How would you feel if everywhere you go, even the hospital, your own home or restroom, you were surrounded by spies and hackers, even without a smartphone?
We are somewhat aware of the risks when using an internet-connected computer or phone. But as the Internet of Things (IoT) evolves, the ecosphere of the internet is expanding dramatically. Hackers are VERY aware of this and chomping at the bit as new opportunities appear EVERYWHERE. The biomedical devices at your doctor’s office or hospital. The appliances in your home. Your modes of transportation. Your self driving car.
The Hacker News reports that
Security researchers from SEC Consult found that the lazy manufacturers of home routers and Internet of Things (IoT) devices have been re-using the same set of hard-coded cryptographic keys, leaving around 3 millions of IoT devices open to mass hijacking.
How were the keys discovered? By what is described as a “hacker-friendly” search engine called Censys. Google is providing the infrastructure.
An MIT paper entitled A Search Engine for the Internet’s Dirty Secrets
describes the concept:
“We’re trying to maintain a complete database of everything on the Internet,” says Zakir Durumeric, the University of Michigan researcher who leads the open-source project.

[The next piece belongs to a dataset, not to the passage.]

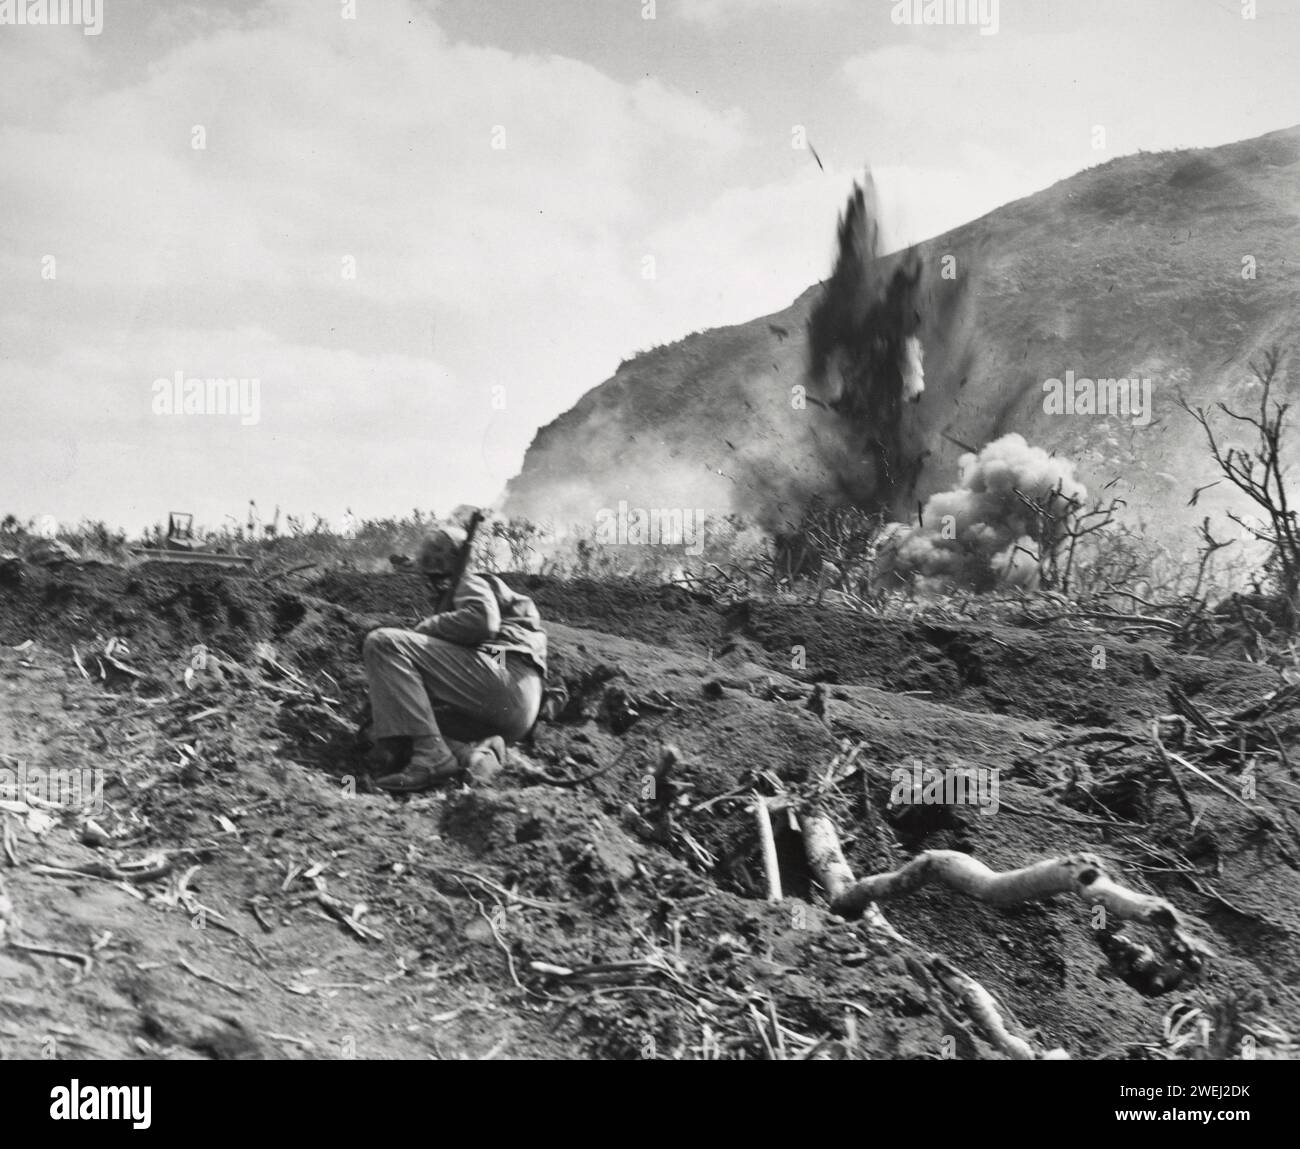 Marines combattant près de la base du mont Suribachi pendant la bataille d'Iwo Jima 1945 Banque D'Images
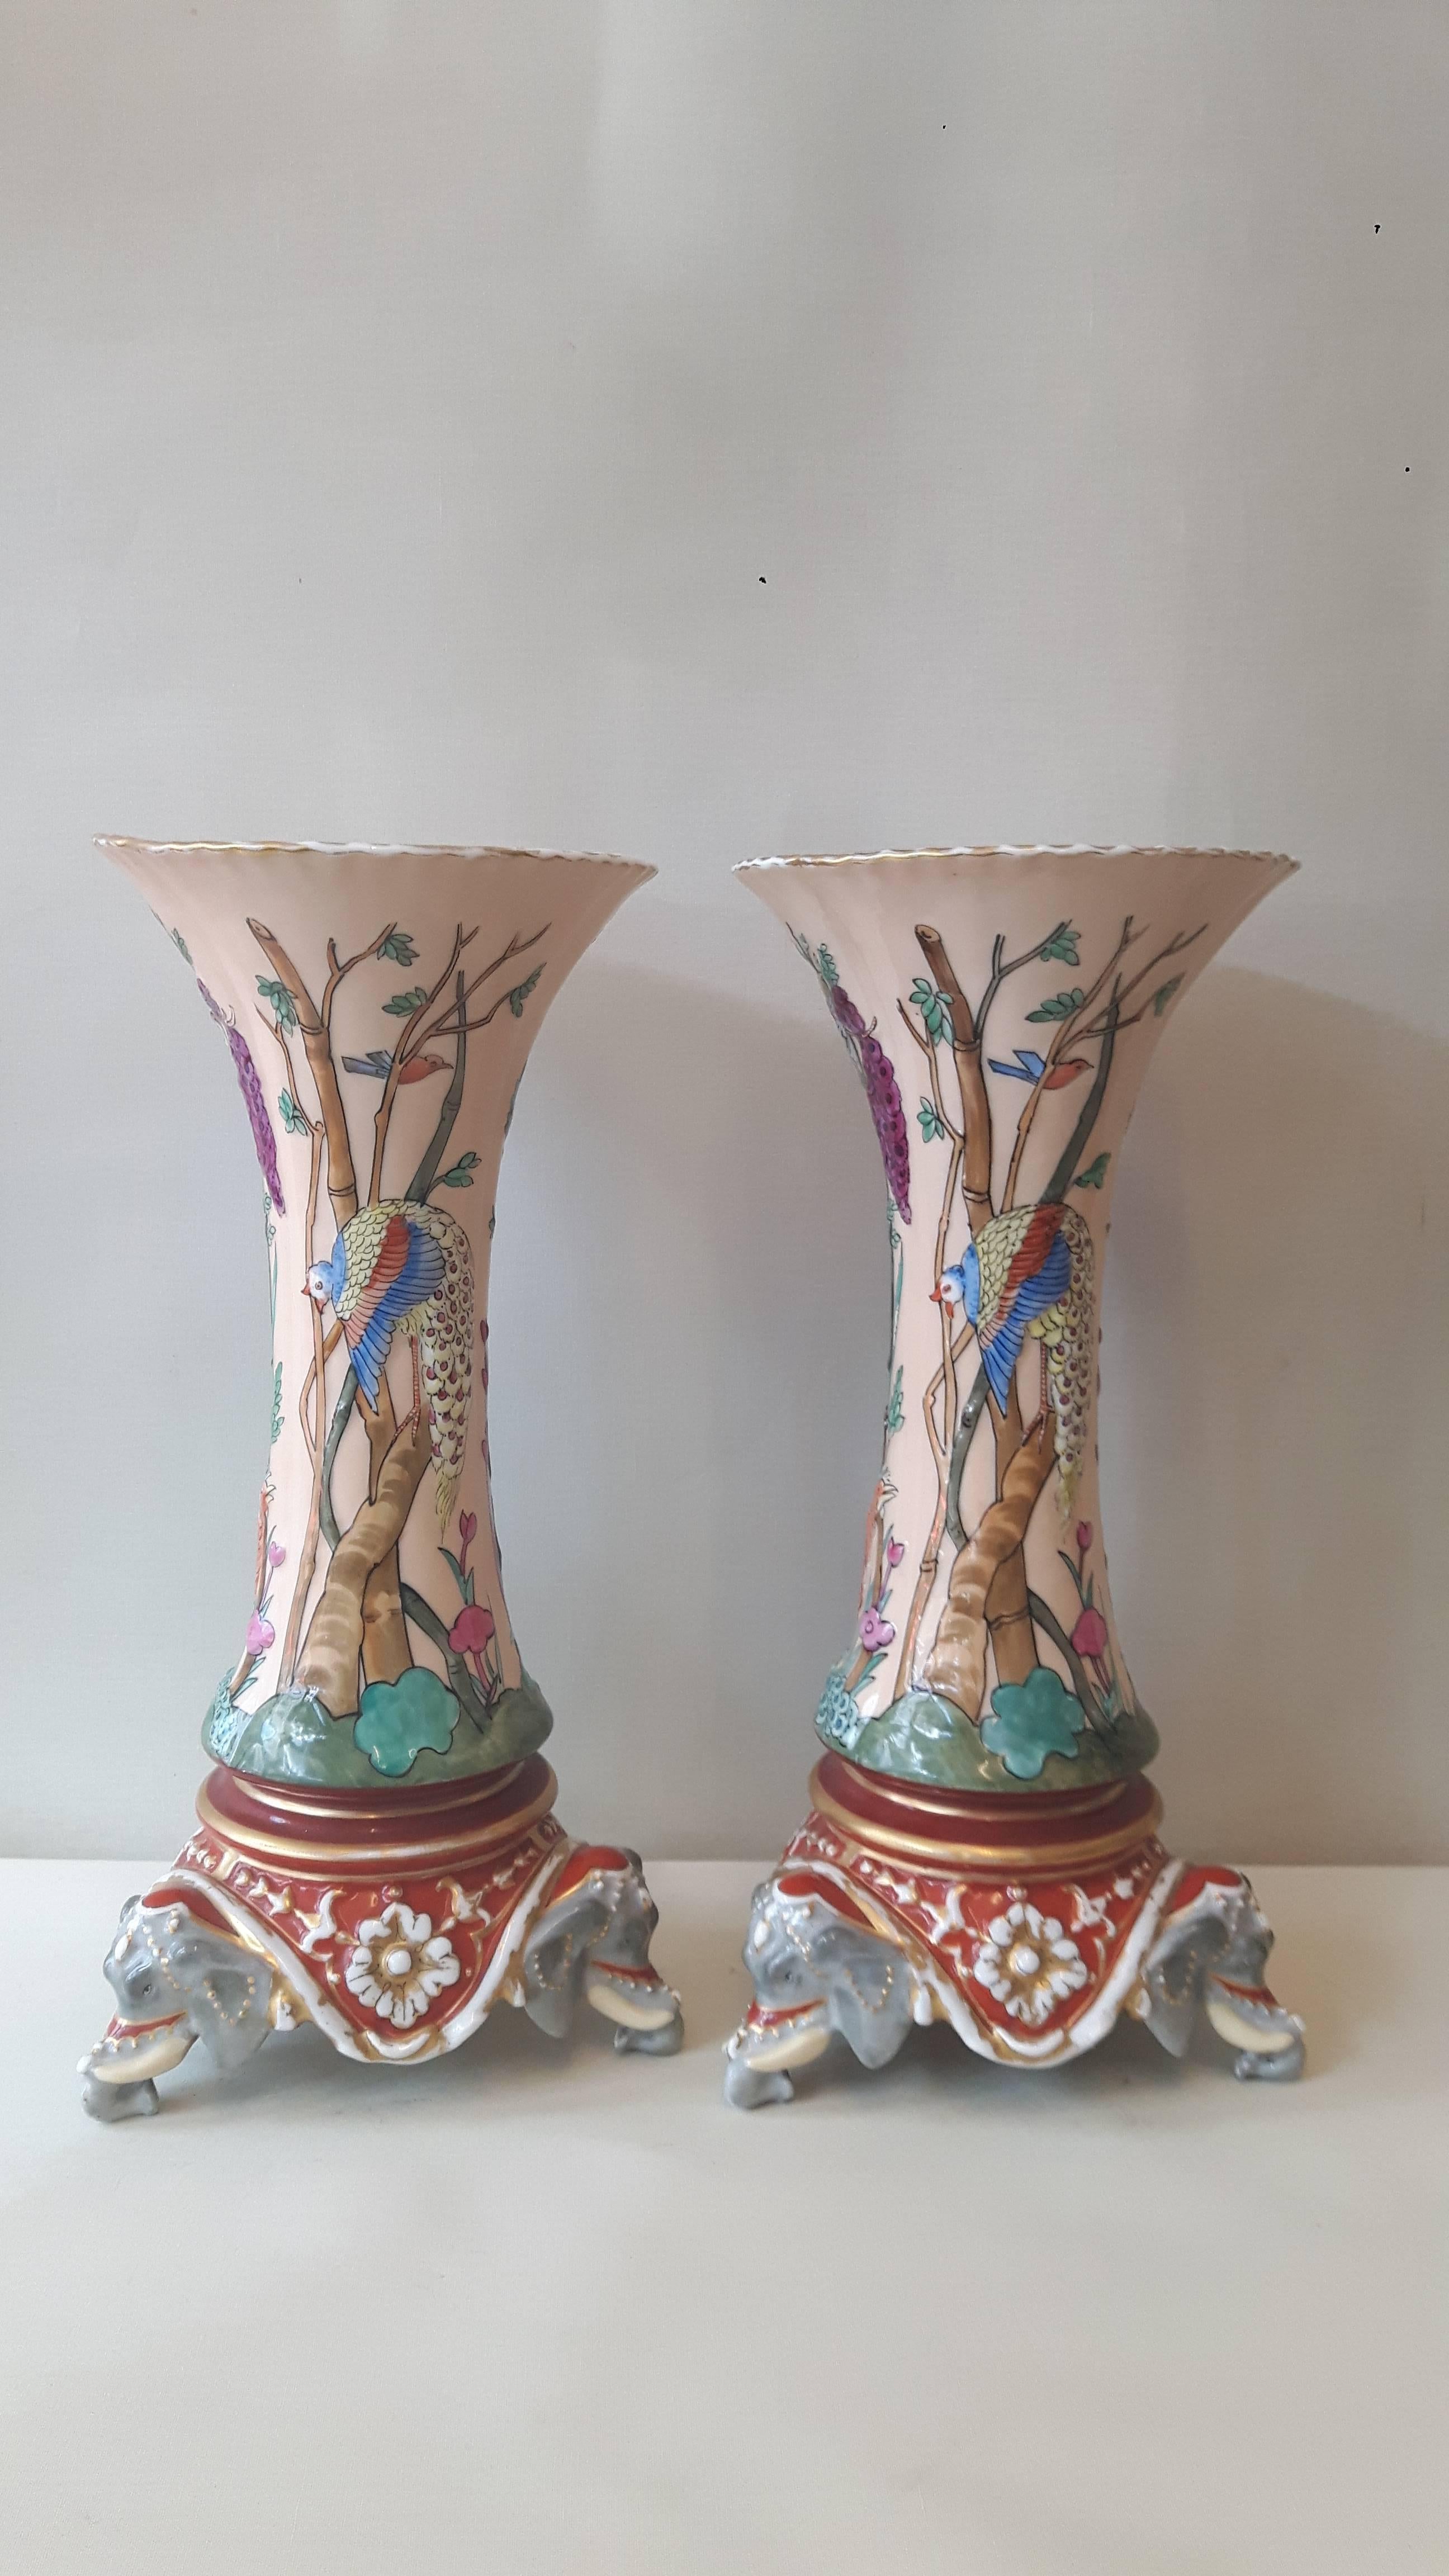 Une paire extrêmement inhabituelle de vases en forme de trompette en porcelaine de Paris dans le style indien Mogul du 18e siècle, décorés à la main d'oiseaux exotiques dans des arbres et du feuillage, le corps reposant sur des têtes d'éléphants en

From the Censys.io website:
You can search for records that meet certain criteria (e.g., IPv4 hosts in Germany manufactured by Siemens, or browser trusted certificates for github.com), generate reports on how websites are configured (e.g., what cipher suites are chosen by popular websites?), and track how networks have patched over time.
Like most tools, the intent is good, but can be used for good or evil. One thing it has done is highlight the expanding security vulnerabilities as more and more devices become internet-connected.
A security firm, Duo Security, has used the software to discover a vulnerability in Dell computers and found find that a Kentucky water plant’s control system was affected, and the Department of Homeland Security stepped in.
As the internet expands it’s territory, more than ever it is important to think about security, especially the grade of security that BlackBerry and QNX technology offer to the IoT.